*COLLECTED DATA:*
----

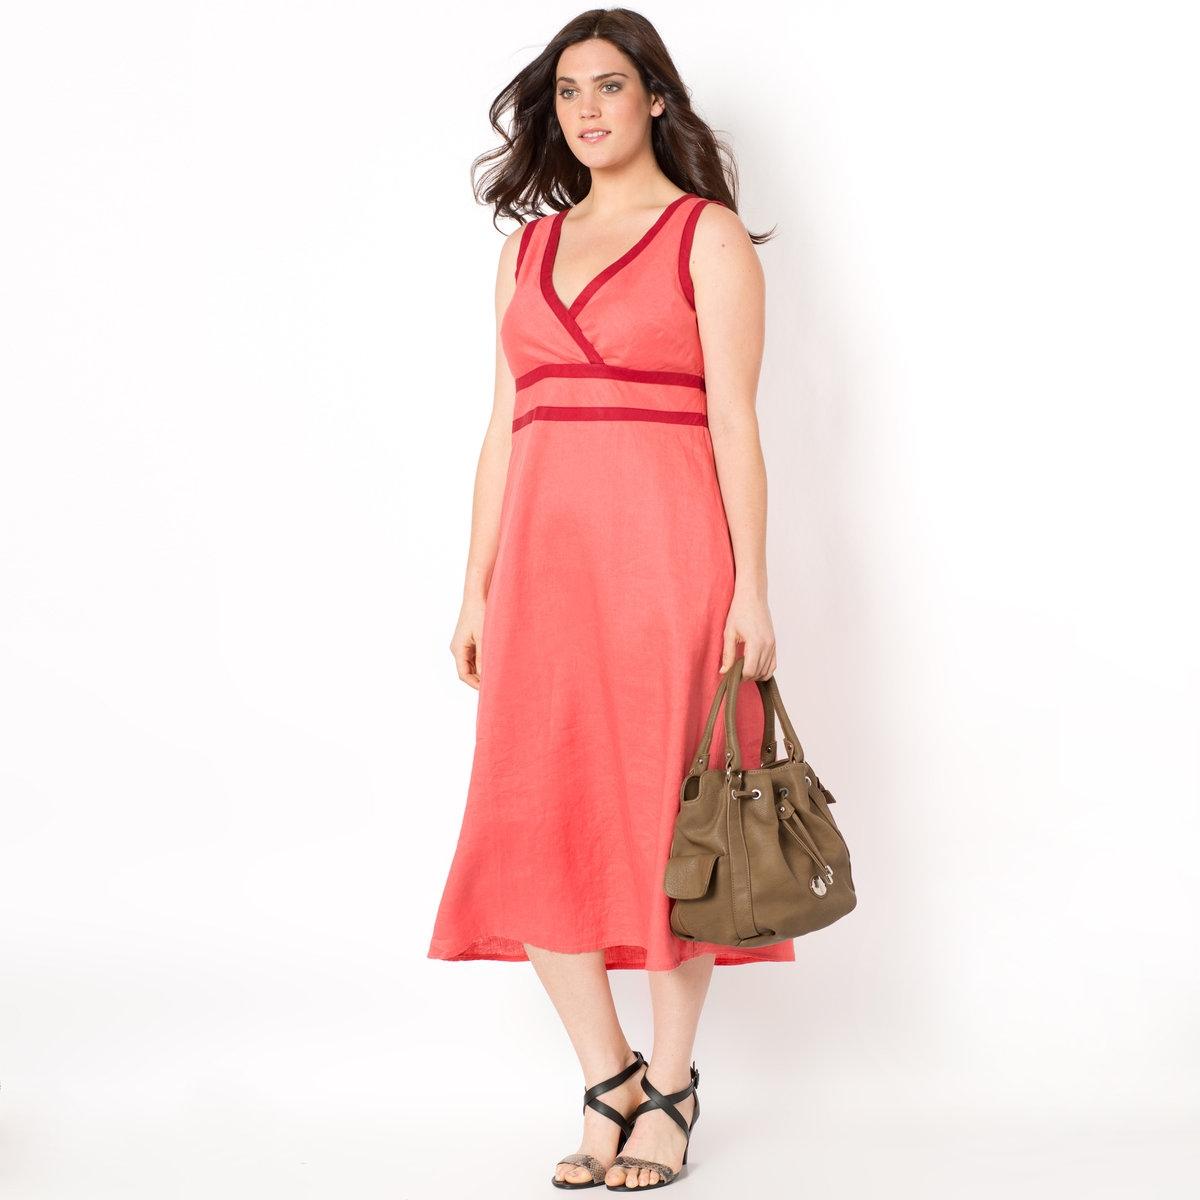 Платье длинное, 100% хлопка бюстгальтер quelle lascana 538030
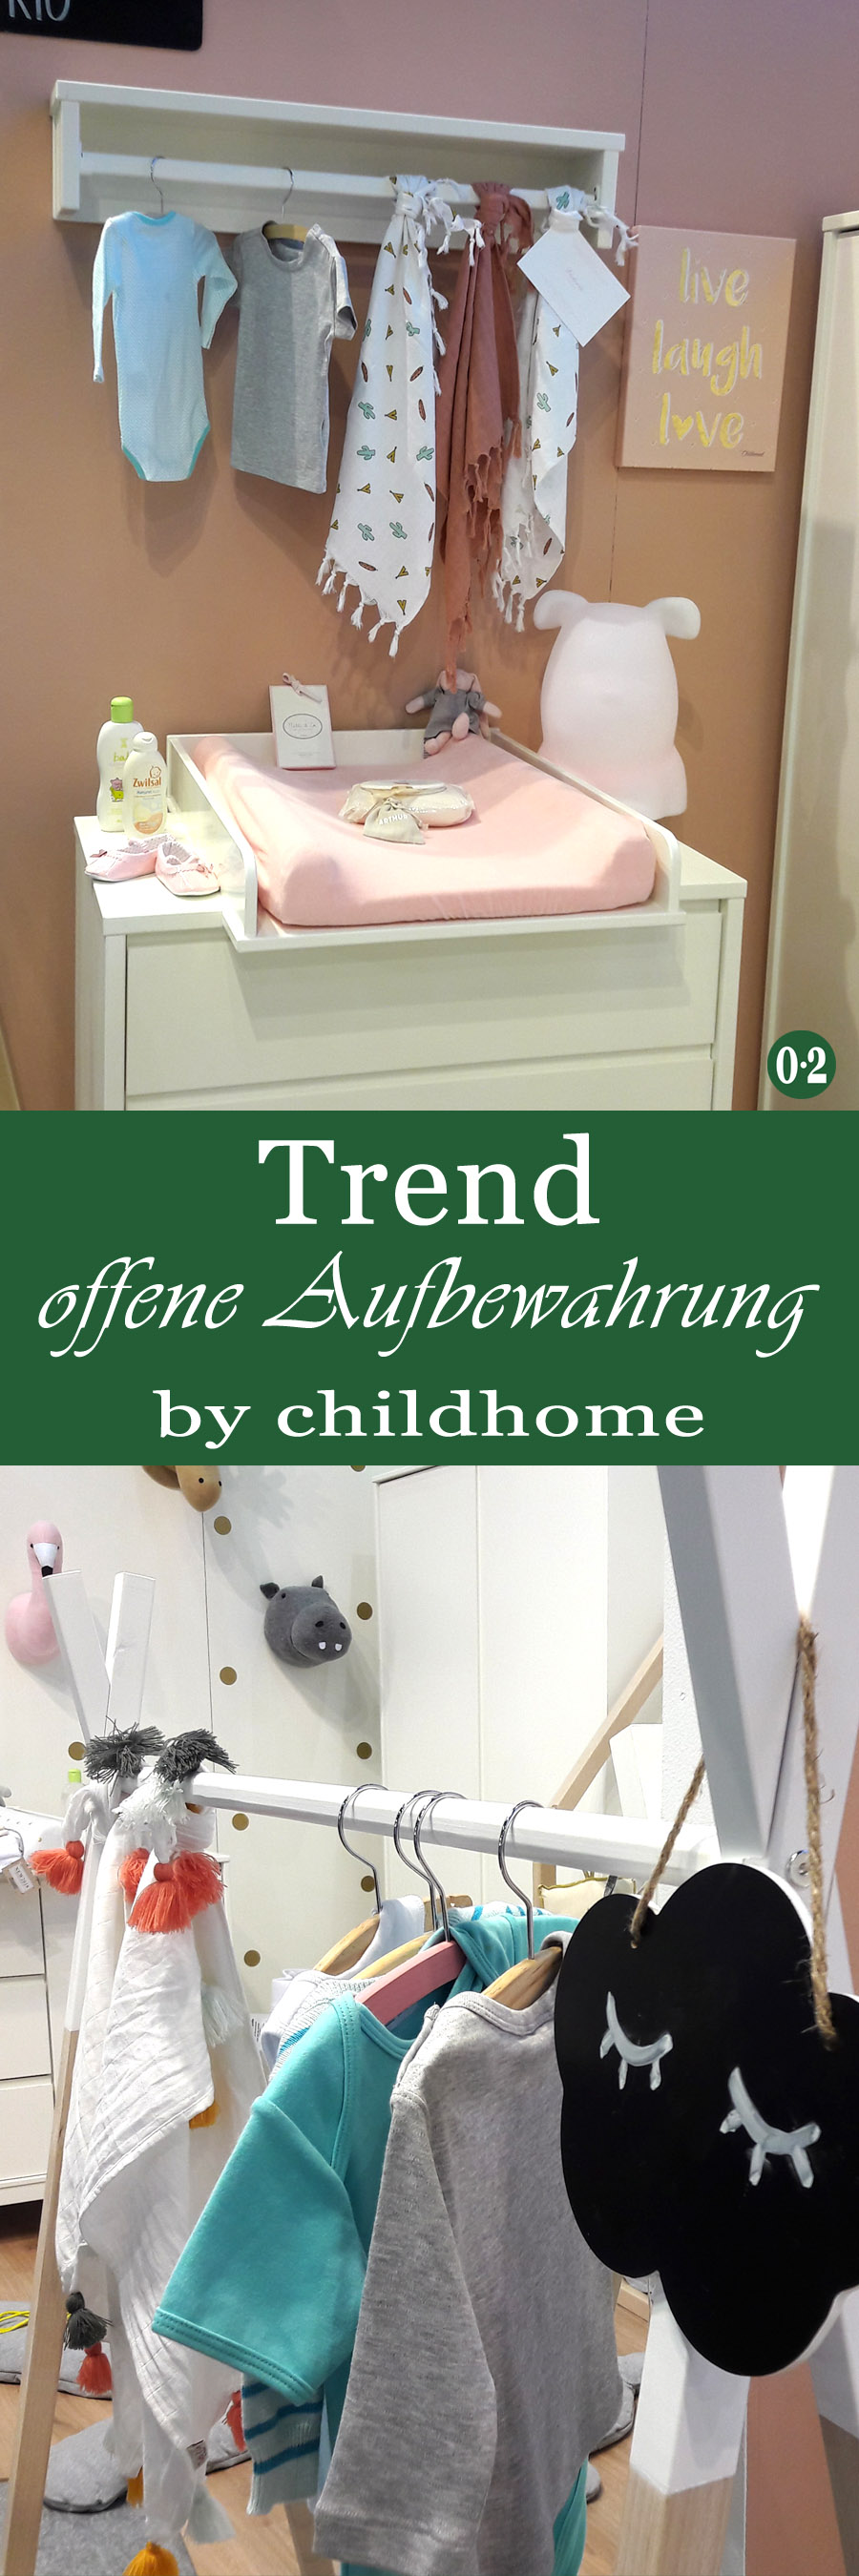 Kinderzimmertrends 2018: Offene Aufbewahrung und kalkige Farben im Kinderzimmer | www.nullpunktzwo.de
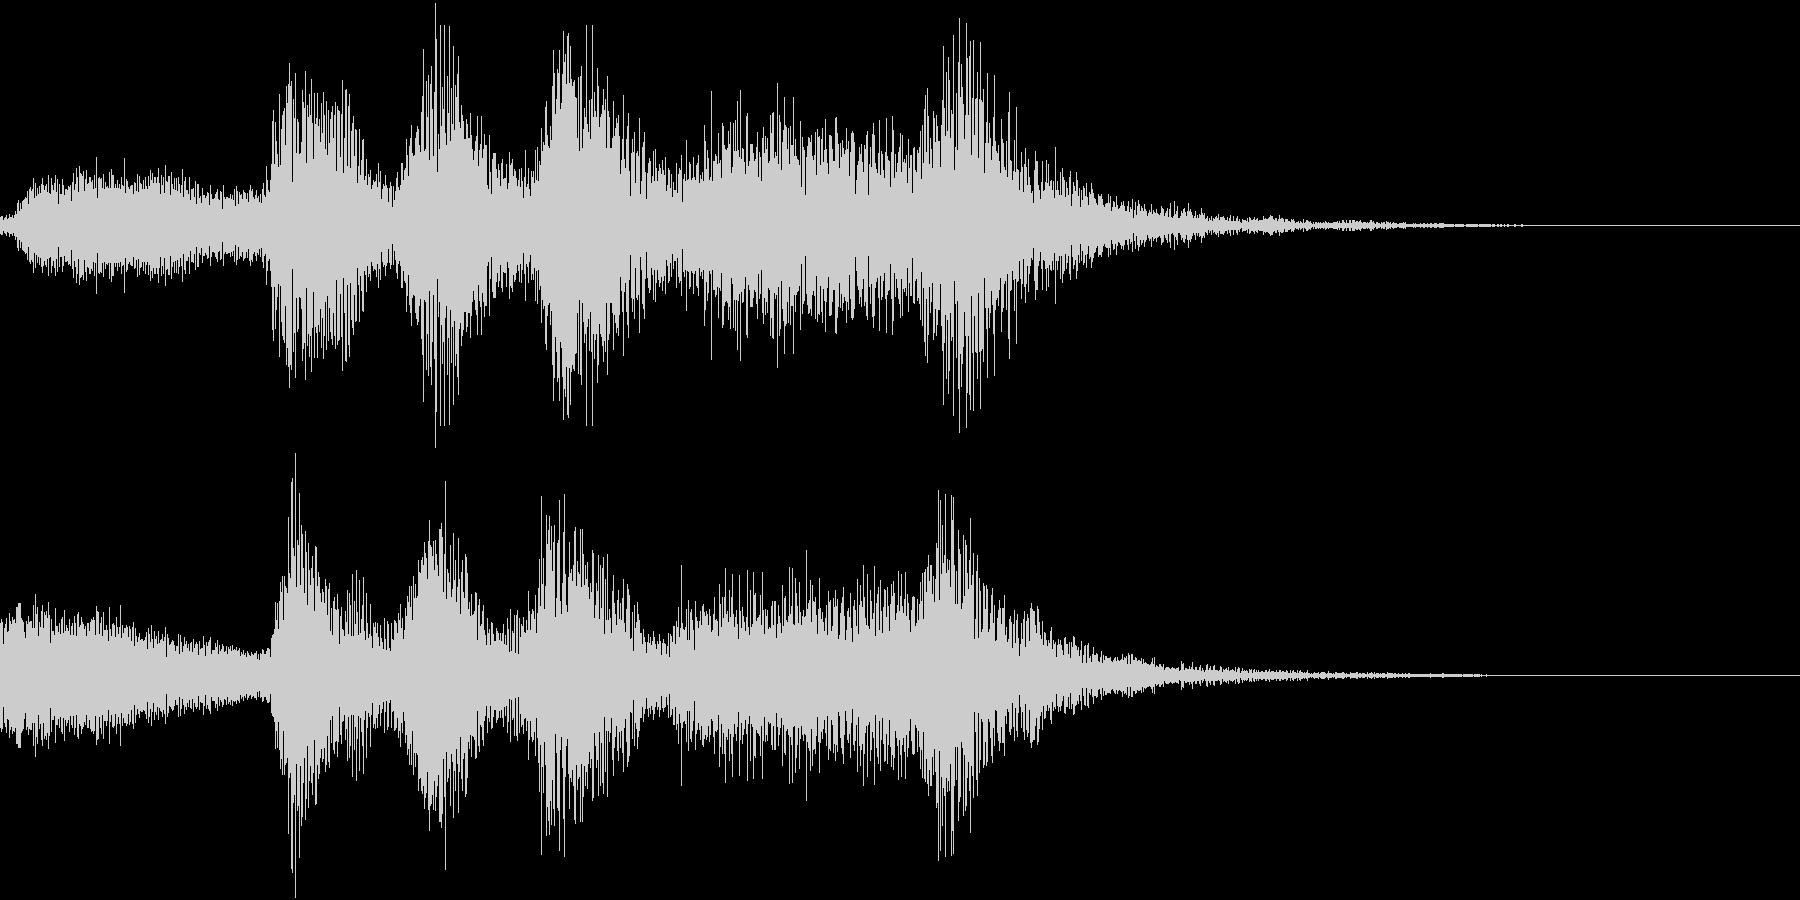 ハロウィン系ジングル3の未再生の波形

----

*ASSIGNED TASK:*
With the pictures removed, set down every line of the listing above exactly.

*EXPECTED OUTPUT:*
 Платье длинное, 100% хлопка бюстгальтер quelle lascana 538030
 Kinderzimmertrends 2018: Offene Aufbewahrung und kalkige Farben im Kinderzimmer | www.nullpunktzwo.de
 ハロウィン系ジングル3の未再生の波形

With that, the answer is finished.